I shook my head, not having been privy to those details, just that Mom couldn’t have any more children. Seemed she was feeling nostalgic, otherwise why bring this up now? But I kept my guard up. If this was another guilt tactic, I was out of there.

She smiled sadly. “One night when I was tucking you into bed—you were maybe three years old—I promised myself that after such a tumultuous relationship with my own mother, I’d protect you at all costs, especially because you were my only baby.”

“Mom—”

She held up her hand. “Please, let me finish.”

I stayed quiet, fighting with myself because I didn’t know where she was going with this. But I hadn’t seen Mom look quite this way very often—awkward and sheepish.

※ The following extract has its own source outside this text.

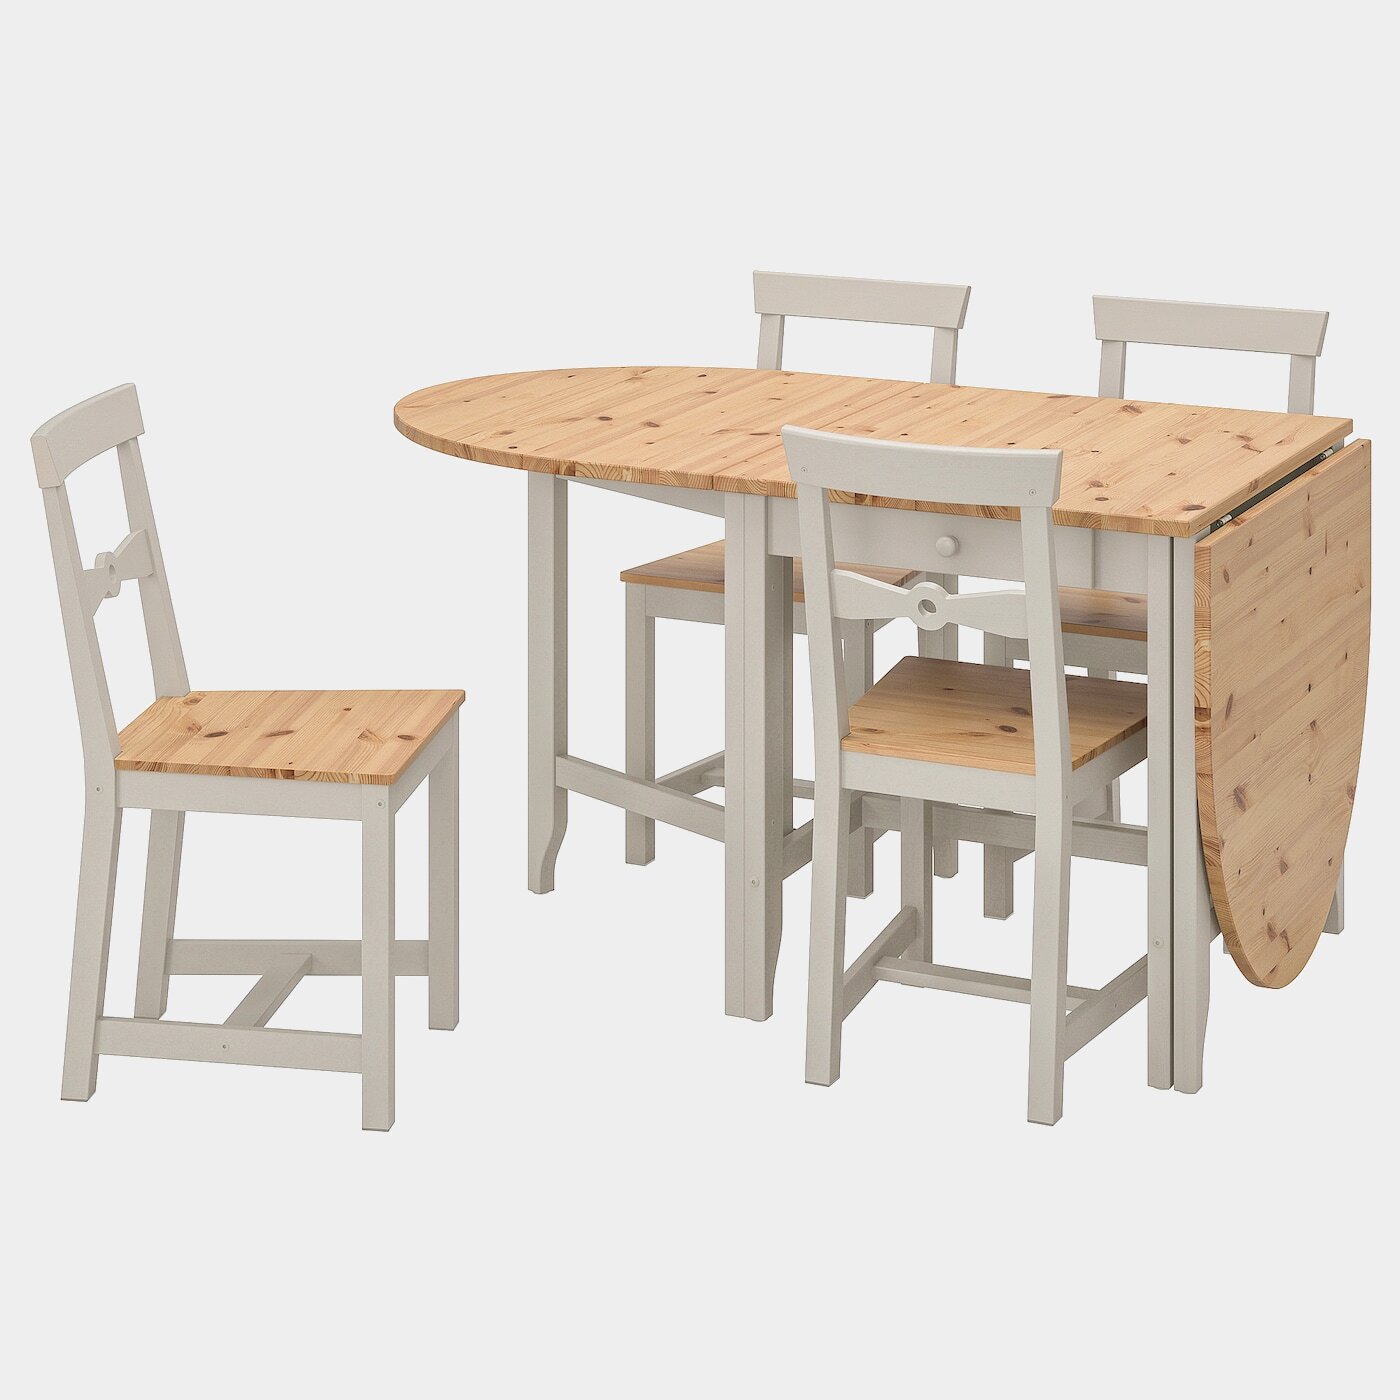 GAMLEBY Tisch und 4 Stühle  - Essplatzgruppe - Möbel Ideen für dein Zuhause von Home Trends. Möbel Trends von Social Media Influencer für dein Skandi Zuhause.

“Now, I know you’ll say there’s a difference between protecting and meddling, and I agree I’ve blurred that line over the years.”

I arched a brow. “More than once.”

“More than once,” she admitted. “I honestly didn’t grasp how much pulling you from gymnastics would affect you—or still would. I was just being Super Mom and placing all my hopes and dreams and expectations on you, which wasn’t fair. I thought I’d handle things differently with my own child, but as it turns out, I wasn’t doing much better.”

I felt the weight of that proclamation like a heavy coat on my shoulders. Logically, I knew it had originated from a good place, then changed into something really uncomfortable—for both of us, it seemed.

“But,” she continued, “the time has come to own up to my failures. To let go and trust you to make your own decisions.” She sat up straighter, like it’d taken courage for her to say that. “I know you’re disappointed in me.”

I could feel my fingers trembling as I pointed at her. “What you did the other night…it was plain mean, and they didn’t deserve that. They were nothing but kind.”

“For not even knowing they were invited, I was perfectly pleasant in return,” she countered, as if that somehow excused her later behavior.

I narrowed my eyes. “Until you weren’t.”

“You’re right. I didn’t expect you to hear me.” Her shoulders slumped. “I regret that.”

My gut churned with disillusionment. “You regret being heard but not saying the words?”

“No, of course not. I’m ashamed of how I acted.” She flushed and looked away. “You’ve made me realize that how I’ve conducted myself lately…is slowly pushing you away.” Her voice turned shaky as if she were on the verge of tears. “And if I lose you in the process, I suppose I deserve it.”

There it finally was—some modicum of true remorse. And though I was glad to hear it, it did nothing to assuage the melancholy I felt over it all.

“You’re not going to lose me, Mom.” I sighed. “But it’ll definitely make me think twice about what I share with you.” Not that I wasn’t already careful around her. Though maybe if I’d shared more, it might’ve helped her understand what made Skylar so special. But I had a feeling she wouldn’t have given him a chance regardless. “The thing that gets me is you passed judgment without even knowing them. His mom is nice and funny. And Skylar, well…he’s a great person. And a good friend. And he’s made me see different sides of myself that I’d never considered before.” I made a frustrated sound. “You snub your nose at him because he works at a bar, but who are you to judge? He’s an amazing gymnast and dancer, and he designs clothes; some of his creations are really good.”